MONTRÉAL – Deux enquêteurs de la Commission Charbonneau ont commencé à exposer, jeudi, diverses irrégularités qui ont été constatées dans le processus d’octroi des contrats au Centre universitaire de santé McGill en 2009 et 2010.
Les enquêteurs André Noël et Éric Desaulniers ont rencontré une cinquantaine de personnes directement concernées par le dossier. Pas moins de 15 000 documents ont été transmis à la commission, représentant 40 000 000 de pages, a souligné M. Noël.
«Ce dossier pourrait représenter un des cas de corruption les plus importants dans l’histoire récente du Québec.

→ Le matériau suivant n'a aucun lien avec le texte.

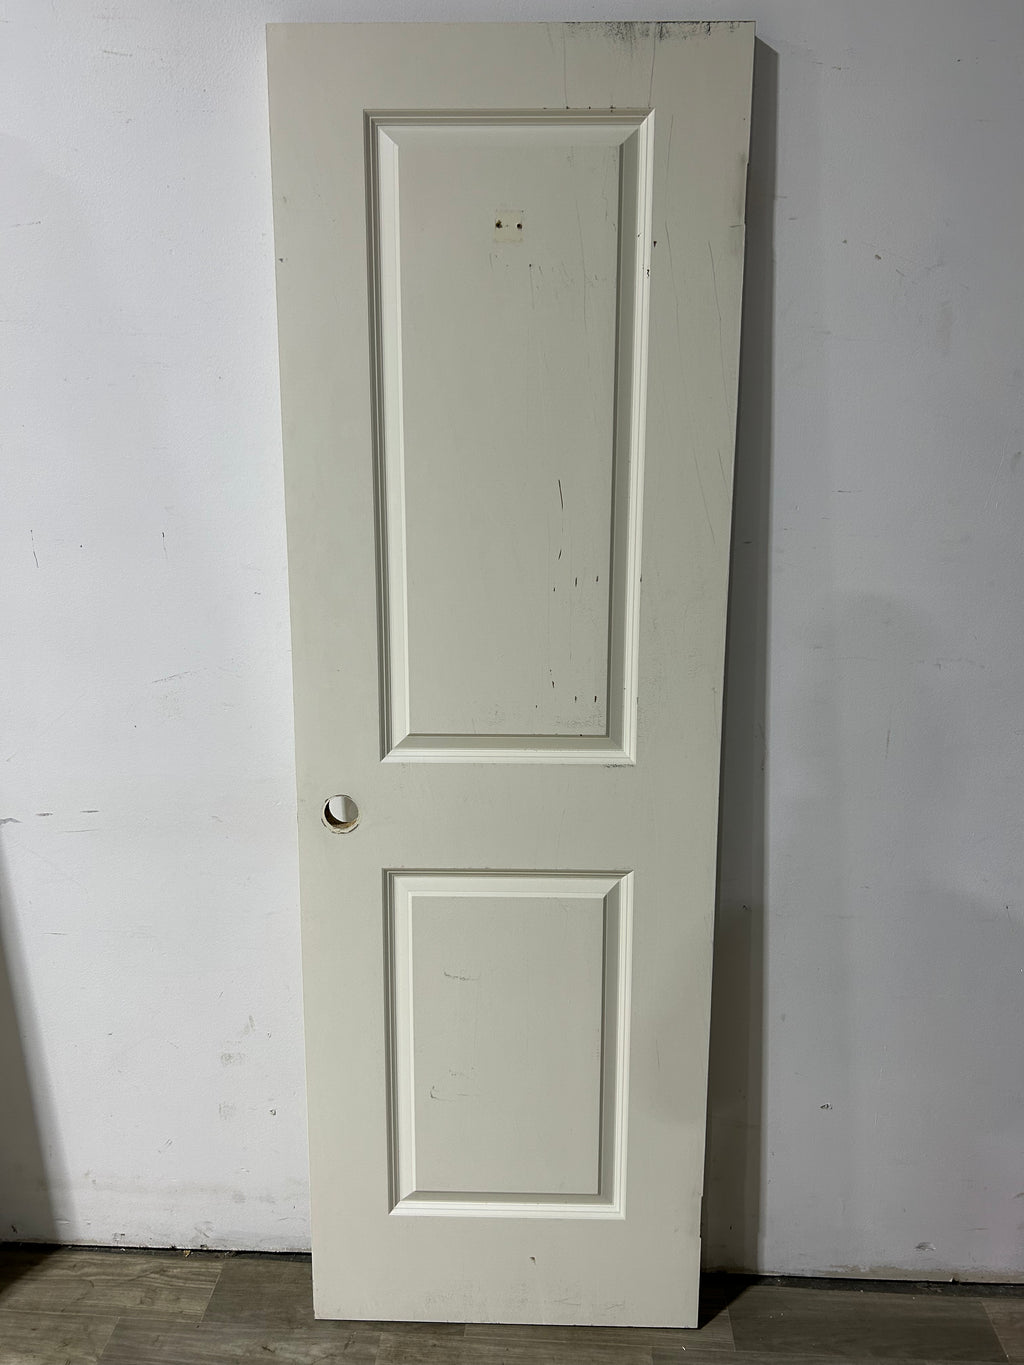 26"W x 80"H White interior door

On parle d’une fraude alléguée de 22,5 millions $. À ma connaissance, en termes d’ampleur de corruption, je n’en connais pas d’aussi important», a commenté M. Noël, qui a longtemps été journaliste d’enquête.
M. Noël a souligné qu’un des intérêts du dossier était de voir comment un trio d’hommes a réussi à orienter le processus d’octroi des contrats, malgré le fait qu’ils aient été entourés de plusieurs organismes publics pour surveiller le processus, comme le ministère de la Santé et des Services sociaux, l’Agence des partenariats public-privé (PPP) et la Ville de Montréal.
«Comment ça se fait que ces trois-là ont réussi à ce point, et de façon très habile _ de façon présumée, parce qu’ils ne sont toujours pas condamnés _ à manipuler ce processus-là pour arriver à leurs fins, c’est-à-dire à octroyer le contrat à SNC-Lavalin», a résumé M. Noël.
Plusieurs irrégularités ont été notées par les deux enquêteurs, qui pointent vers un penchant favorable dès le départ envers SNC-Lavalin et son consortium Groupe immobilier de santé McGill (GISM).
Entre autres, il y a eu des «contacts bilatéraux» entre le Centre universitaire de santé McGill et le consortium SNC-Lavalin-GISM, l’un des deux soumissionnaires. Pierre Duhaime, alors pdg de SNC-Lavalin en 2009, «organise une réception à sa résidence et il invite St. Clair Armitage, qui est le responsable des PPP au CUSM et le bras droit d’Arthur Porter (ex-directeur général du CUSM). Il l’invite chez lui pour célébrer sa nomination chez SNC-Lavalin», a relevé l’enquêteur Noël.
De plus, le consortium rival de SNC-Lavalin, à savoir PCUSM, a été disqualifié assez tôt dans le processus par Arthur Porter, du CUSM, parce qu’il a demandé de remplacer la firme chargée de l’entretien Axima par Dalkia au sein de son propre groupe. Or, M. Noël a noté que selon ses vérifications, un tel remplacement «se fait couramment, c’est régulier, quasi routinier» dans le monde des PPP.
Il ne restait plus qu’un seul soumissionnaire, ce qui a mécontenté le gouvernement du Québec, qui a exigé une lettre de désistement officiel du consortium écarté, afin d’éviter les poursuites. Le consortium s’y est refusé et a transmis une mise en demeure, estimant avoir été disqualifié pour un motif «frivole». Il a fini par réintégrer le processus.
De même, le comité de sélection a choisi d’entendre cinq sous-comités sur six ayant comparé les deux consortiums, alors que le sixième sous-comité, qui devait étudier la solidité financière, n’avait besoin que d’un peu plus de temps pour soumettre son rapport.
«Je ne peux qu’interpréter qu’on n’a pas complété le pointage parce que ce pointage risquait de favoriser PCUSM», le rival de SNC-Lavalin-GISM, en a conclu M. Noël.
De plus, des notes qui avaient été attribuées par des comités ont été modifiées en cours de route, a ajouté l’enquêteur.
De même, Yanaï Elbaz, qui était directeur général adjoint et responsable de la planification, du redéploiement et de l’immobilier, a donné des croquis du consortium rival à SNC-Lavalin, a signalé M. Noël.
Le témoignage de MM. Noël et Desaulniers se poursuivra vendredi.